L’album è diviso in 15 brani, di cui l’unico originale è Dance of the Damselflies, in cui si riconosce lo stile tipico di Wakeman durante gli anni negli Yes, allegro e pieno di occasioni per mettere in mostra l’eccezionale capacità tecnica dell’artista. Tutto il disco scorre piacevolmente, con cover più azzeccate di altre ma tutte che trovano perfettamente il loro posto in questa opera così ibrida e varia.

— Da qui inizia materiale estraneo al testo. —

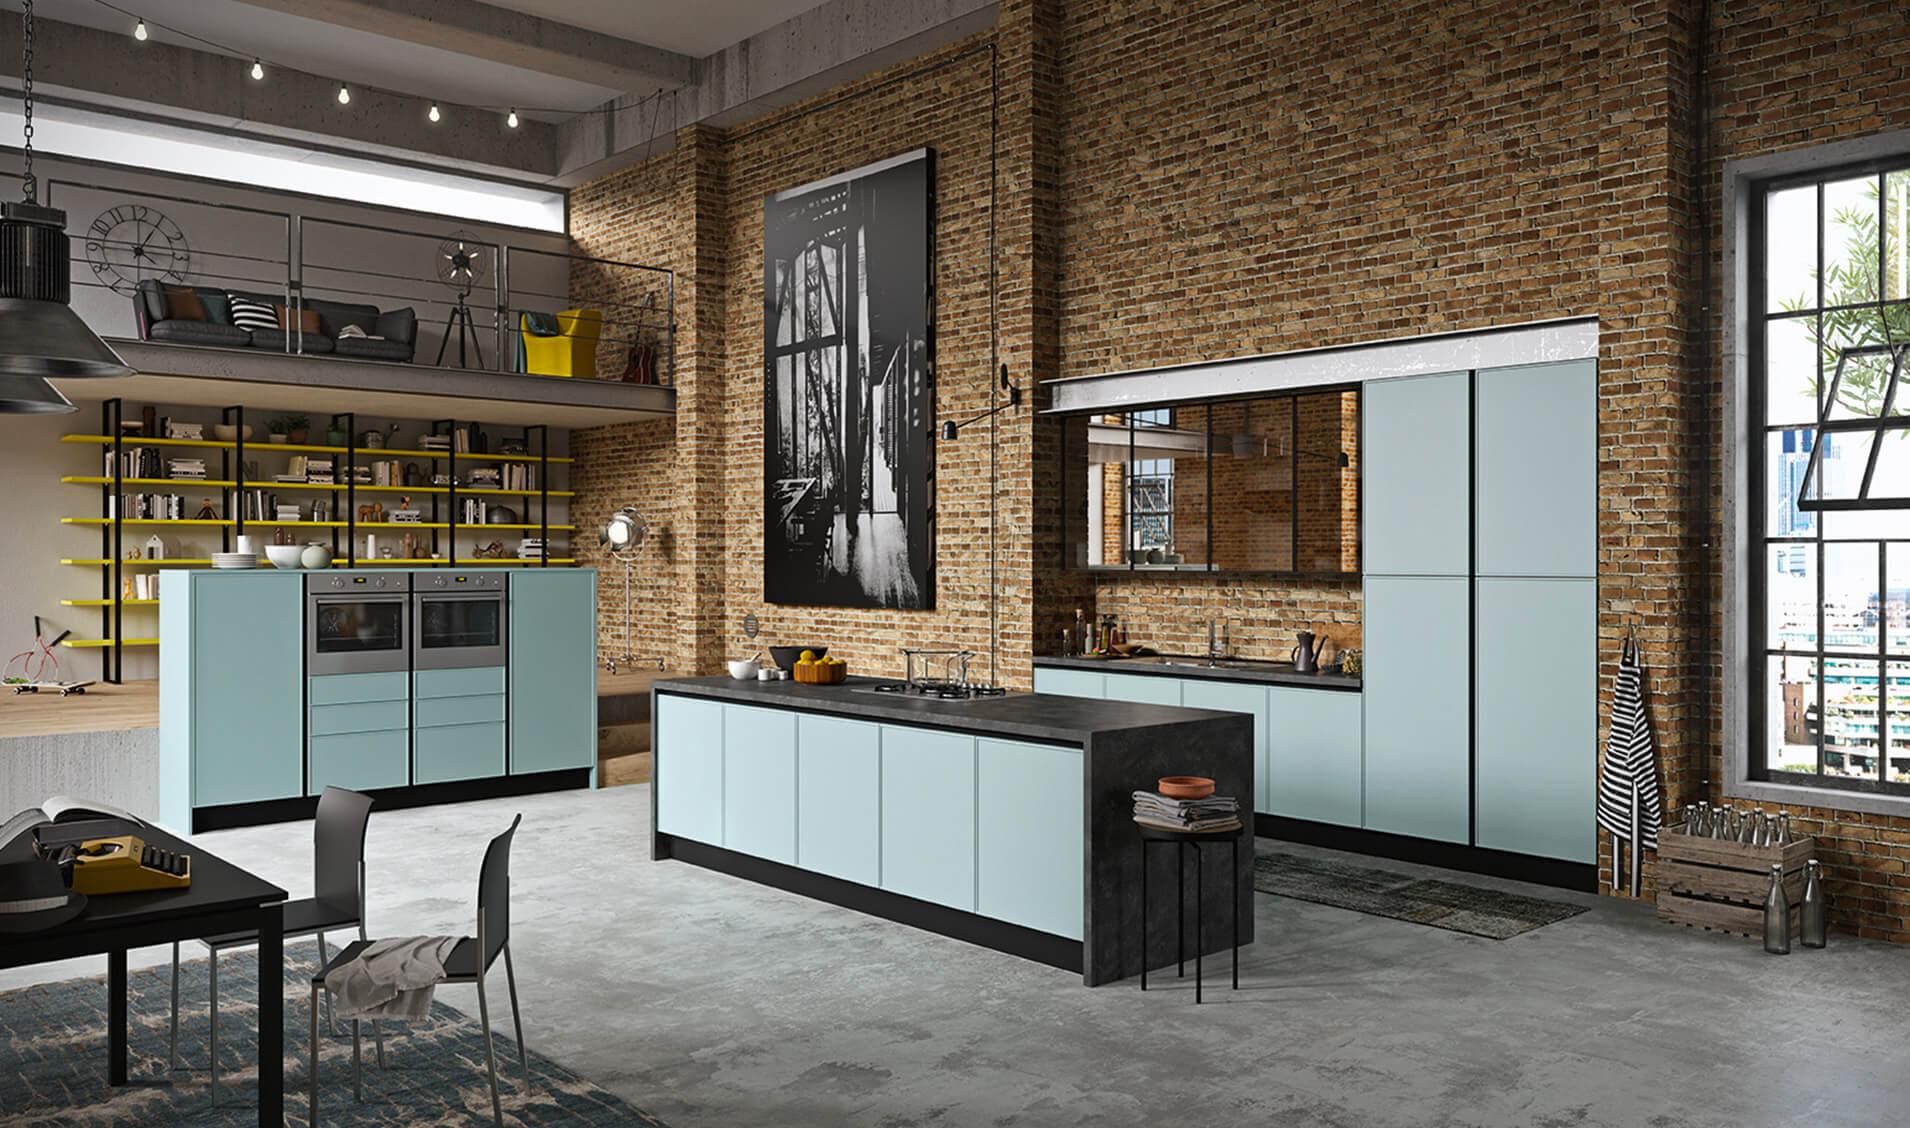 Modele quadro - meuble cuisine couleurs

Un disco pregevole, rilassante, apprezzabile non solo dai fan dello storico musicista ma anche da chi ama semplicemente il piano più “vecchio stile”. (Marco Meloni)

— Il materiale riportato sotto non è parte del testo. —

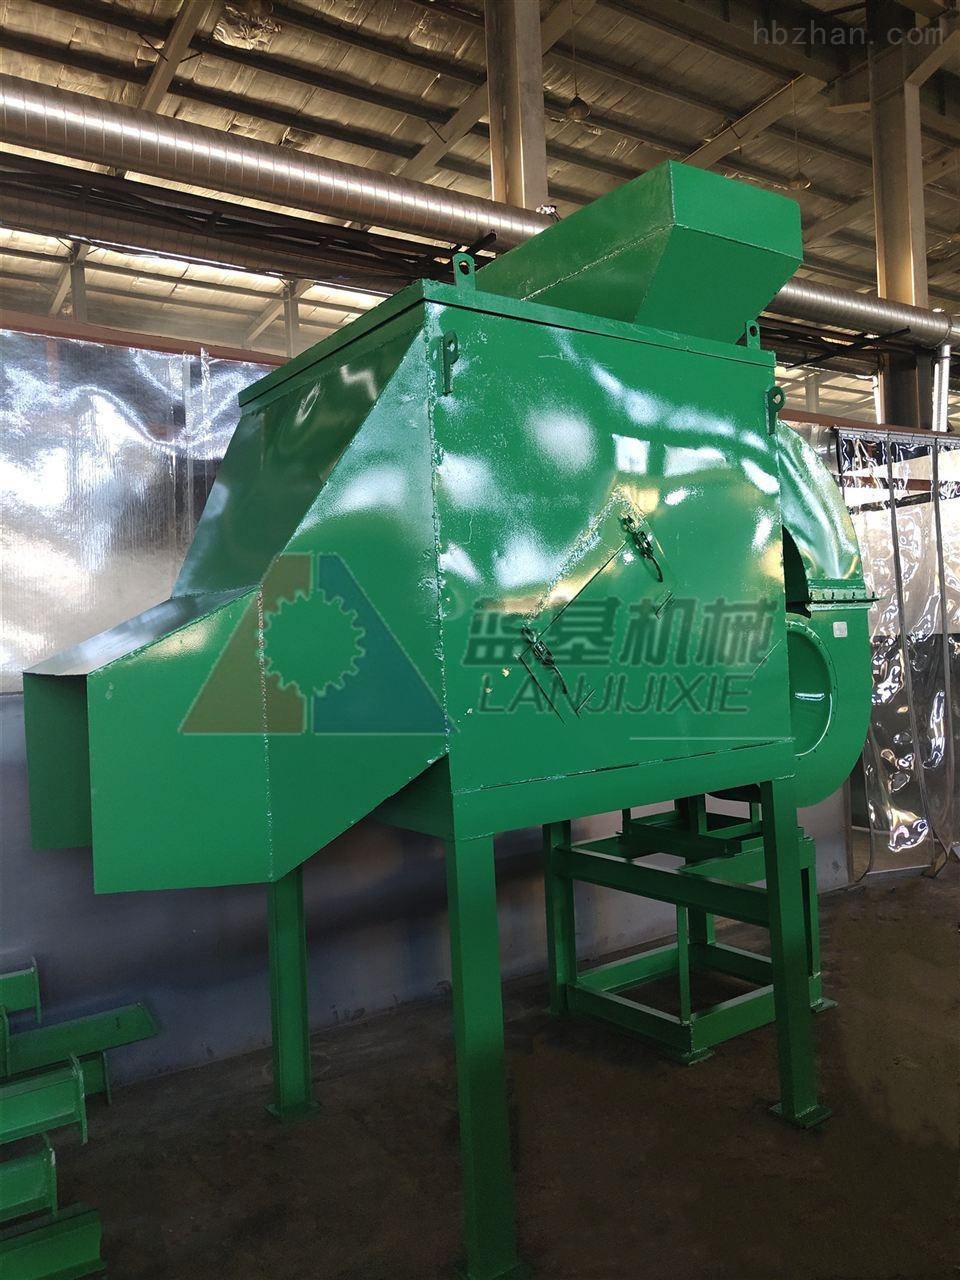 西安装修垃圾处理专业设备生活垃圾筛分设备

The xx tornano finalmente alla ribalta con un nuovo disco, I See You, dopo quattro anni dall’album Coexist e due dall’ottimo lavoro solista di Jamie xx In Colour.
Il primo cambiamento che si può notare è una maggiore impronta dance, come nel singolo che ha anticipato l’uscita dell’album On Hold: ciò in particolare lo si deve a Jamie xx, il quale aveva già sperimentato questo nuovo sound nel suo disco solista del 2015. Nonostante questo cambiamento, che rende l’album perfetto per far conoscere il gruppo ad un pubblico più vasto, rimangono segni del passato malinconico dei loro due precedenti album, come nella struggente Say Something Loving, con quel loro stile a metà tra l’indie rock contemporaneo, l’elettronica e la new wave.

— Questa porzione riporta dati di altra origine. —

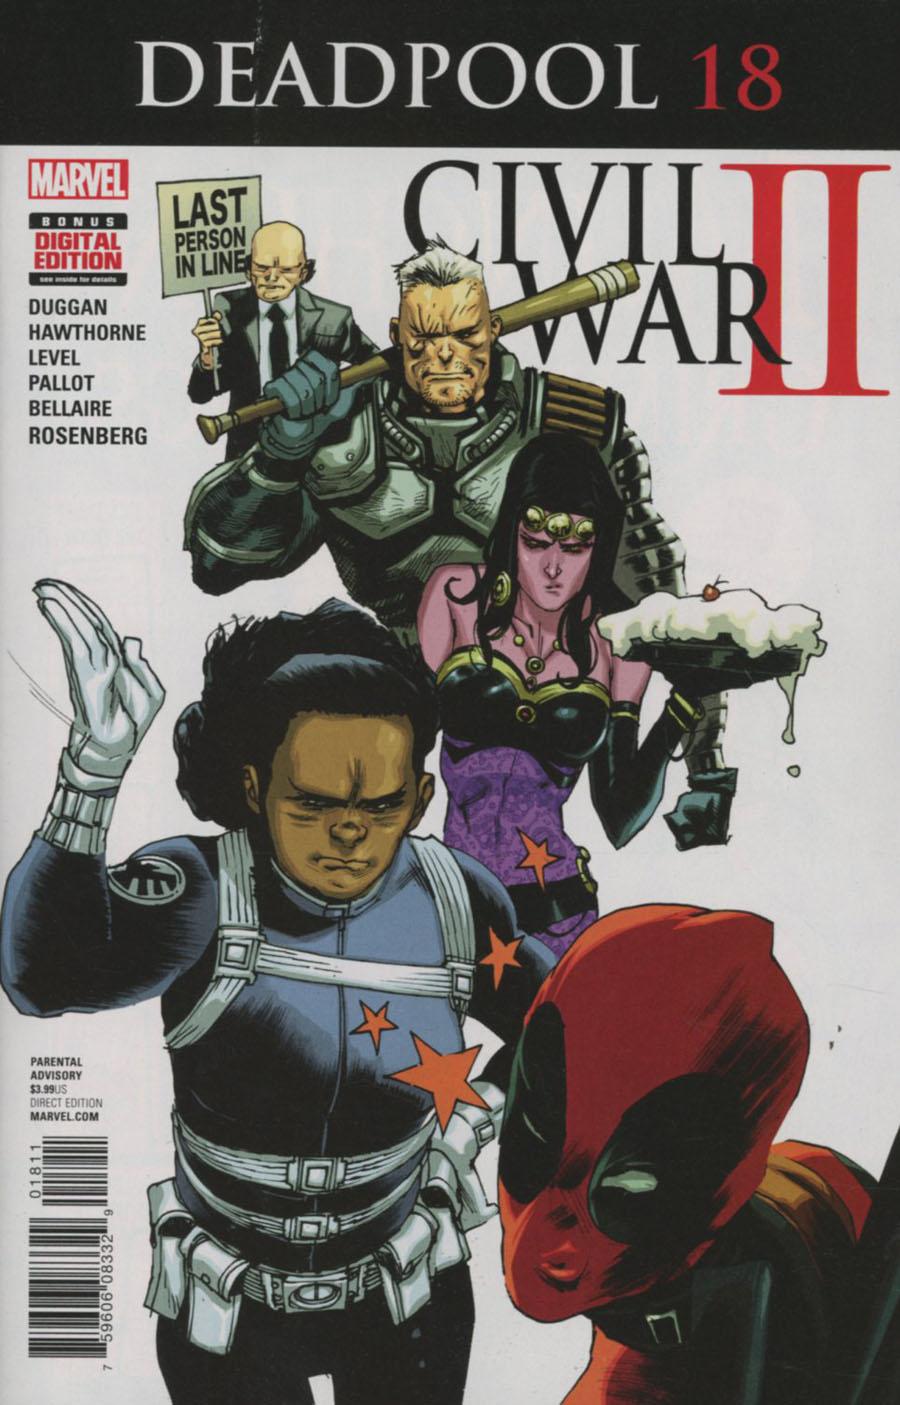 Deadpool Vol 5 #18 Cover A Regular Rafael Albuquerque Cover (Civil War II Tie-In)

Fra le canzoni migliori di questo album, oltre le già citate Say Something Loving e On Hold, ci sono anche Lips, con una intro che ricorda molto i canti gregoriani, Replica, I Dare You e A Violent Noise.
I See You, proprio come la sua copertina, è uno specchio in cui l’ascoltatore può guardare se stesso e vedere dentro a ogni singola canzone una sua esperienza di vita, il tutto grazie a una scrittura dei testi per niente autoreferenziale.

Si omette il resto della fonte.